Google and facebook aren’t profiting off the content created by others they are profiting off their own content. The fact that stuff exists on the web doesn’t draw people to google, the fact that google can sift through that information for your so efficiently does.

They saw a need and made something to fill the need. They didn’t create the need. Similarly, no one is twisting anyone’s arm to post anything on facebook. Facebook profit’s because they created a service people want to use.

News orgs are failing because they were relying on being gatekeepers of news and facts when they have no right to be.. Generally even they themselves admit that you can’t prevent other people from repeating facts and news. It worked ok before just because information travelled slowly. Now it travels fast. It’s nothing to do with facebook or google it’s just the internet.

They need a new plan that doesn’t rely on being gatekeepers of news and facts. Google and facebook could both vanish overnight it wouldnt help them any. It’s just going to get worse, they need to change

This comment has been deemed insightful by the community.
Anonymous Coward says:

Re: Re:

The interesting thing is that Google does not monitize the news.google.com with advertising. Unless you count the weather forcast as an advertisment, go look and count the advertisments you find there. May I suggest the total is zero?

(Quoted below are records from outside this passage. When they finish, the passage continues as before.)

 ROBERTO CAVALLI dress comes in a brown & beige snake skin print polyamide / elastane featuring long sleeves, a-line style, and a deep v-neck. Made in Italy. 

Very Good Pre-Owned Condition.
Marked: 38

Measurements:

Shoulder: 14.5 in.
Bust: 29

So again explain to me how Google profits from news links. I seem to have missed it.

This comment has been deemed insightful by the community.
PaulT (profile) says:

Re: Re:

Weird – you keep saying "journalism", but the story is mainly about Murdoch papers, which do no such thing.

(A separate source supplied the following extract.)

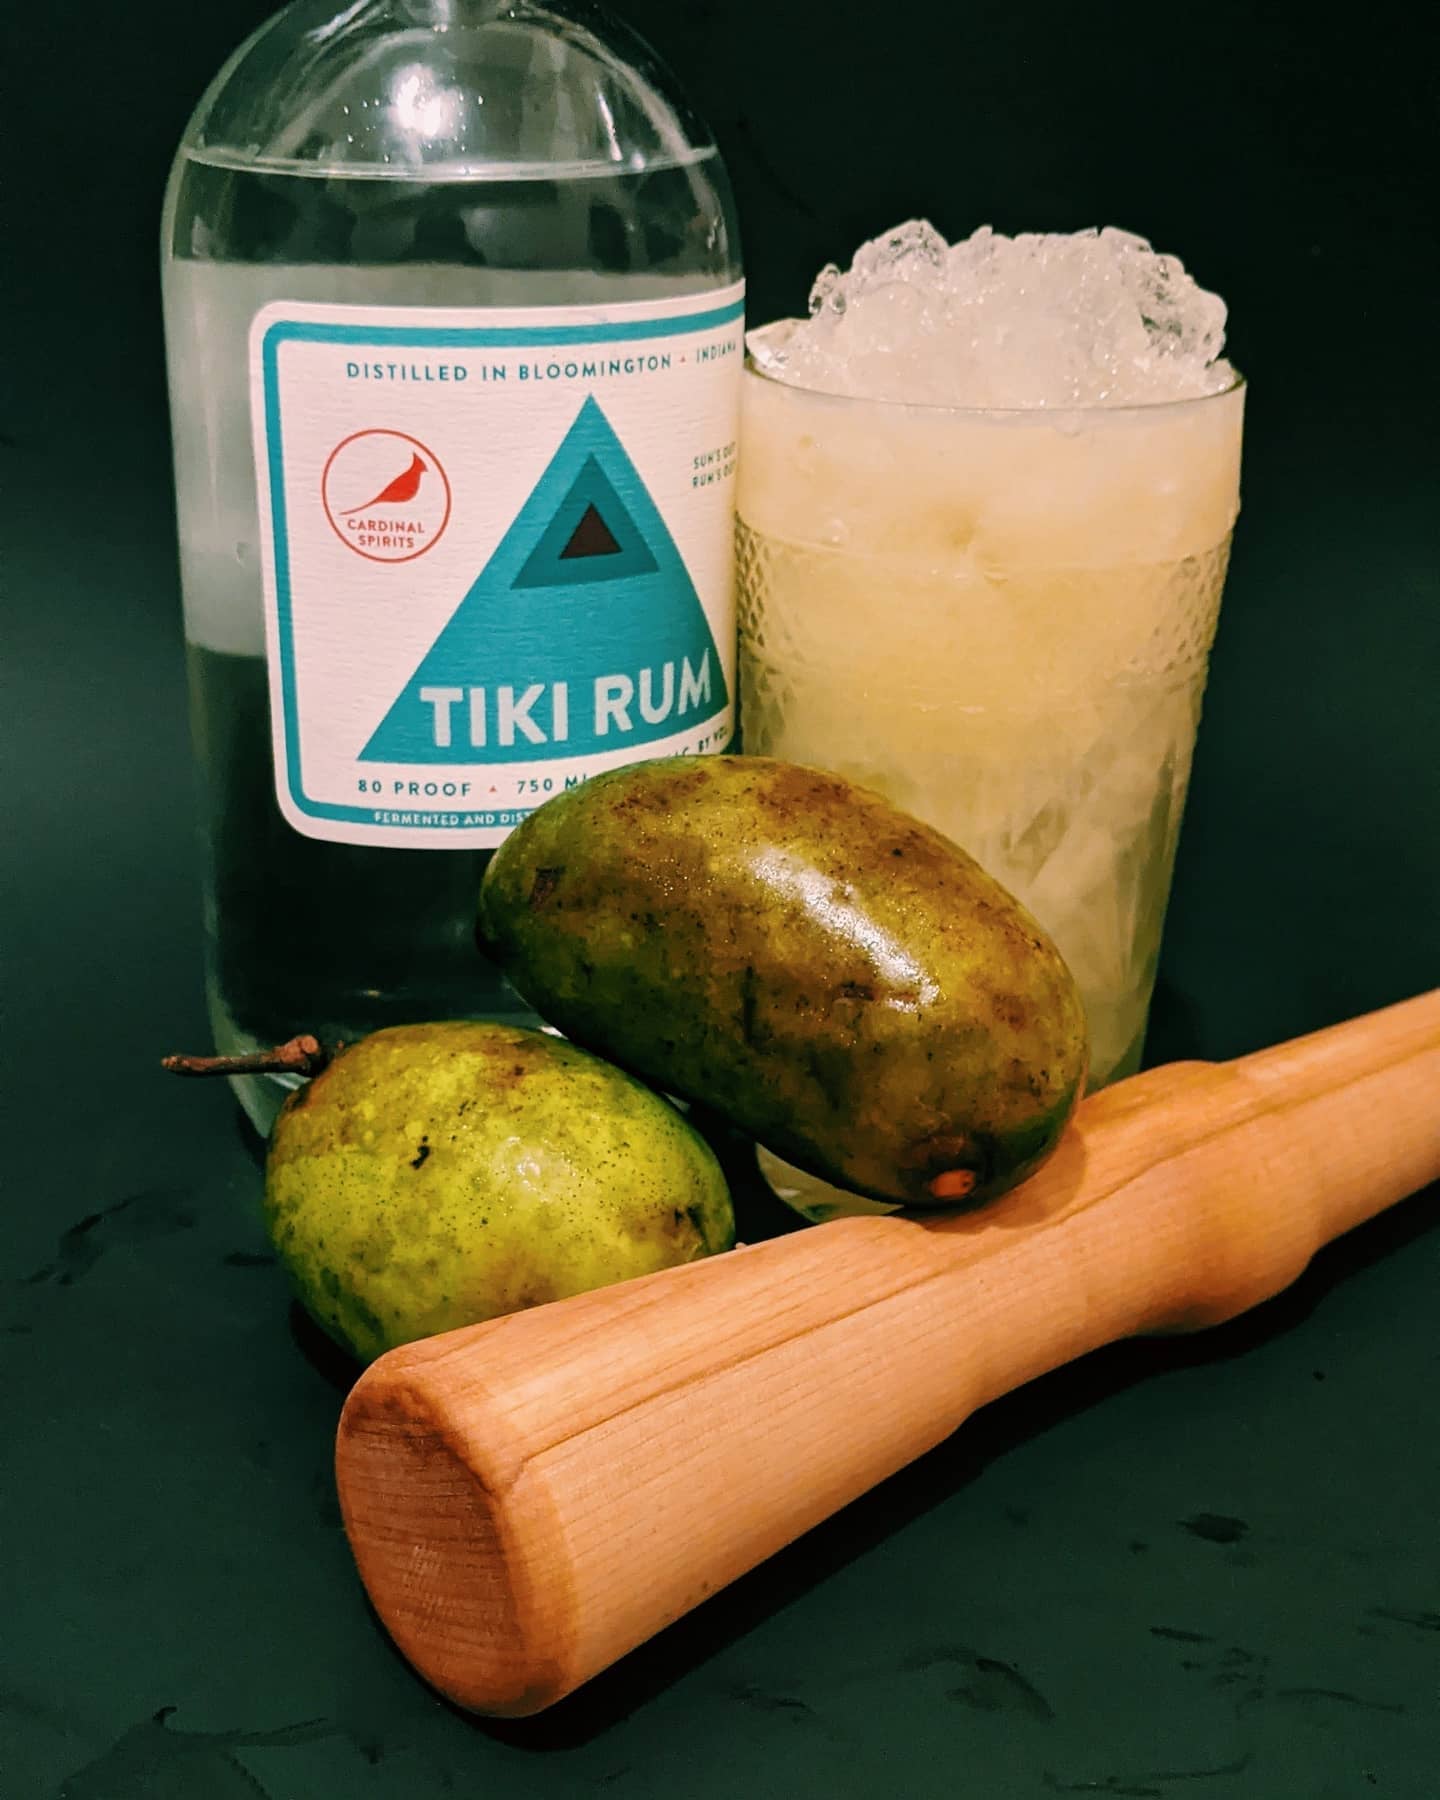 Muddled Cocktails: Grand-paw would be proud

"Facebook and Google to name the two biggest who profit from the content published by others"

No, they make money by providing services that complement, not replace, the news sites themselves. Newspapers have been whining about the internet since the 90s, when people found that it was way more useful to them than the classified ads that used to make a lot of newspaper revenue, and they’re still whining about their inability to adapt.

Well, some of them are, anyway, others have competently adapted their business models.

"I subscribe to an independant newspaper because I value their content but this behavior it is not the norm anymore."

Perhaps because most newspapers aren’t worth the digital paper they’re printed on, and have lost credibility since choosing to chase clickbait dollars and republishing the same AP feed as everyone else, instead of producing actual journalism worth paying for?

This comment has been deemed insightful by the community.
The Central Scrutinizer (profile) says:

Our Idiot in Chief, aka Scotty from Marketing, has been talking to Microsoft about Bing filling the Google gap, if and when Google stops providing search here. Great, a Microsoft monopoly on search! What could possibly go wrong with that?

The Greens have even proposed a publicly funded search engine. Good grief. Imagine all the vested interests demanding that certain search terms be barred, etc. but that’s the level of competency most of our politicians have.

If the proposed code goes ahead, with its insistence that Google provide 28 days notice of any upcoming algorithmic changes, then I wouldn’t blame Google one bit for blocking search in Australia. 28 days notice! Talk about fucking up a business.

The hollow men of the Liberals always bang on about free market forces and all that crap. It seems they’re more than willing to give that idea up to look after Rupert and his cronies. The level of hypocrisy is staggering, to say the least.

sumgai (profile) says:

What Alphabet should do is....

… simply buy Australia outright. They’re worth about 900B (USD) right now (give or take a few million), and Australia’s GDP is just over 1.3T (USD). That’s close enough for investment purposes, I should think. And if they need to raise just a bit more capital, they could go their employees, and ask "Hey, wanna be a part-owner of an entire country?"

Naw, on second thought, there’d be too many rabble rousers that would constantly cause more trouble than the place is worth. Never mind.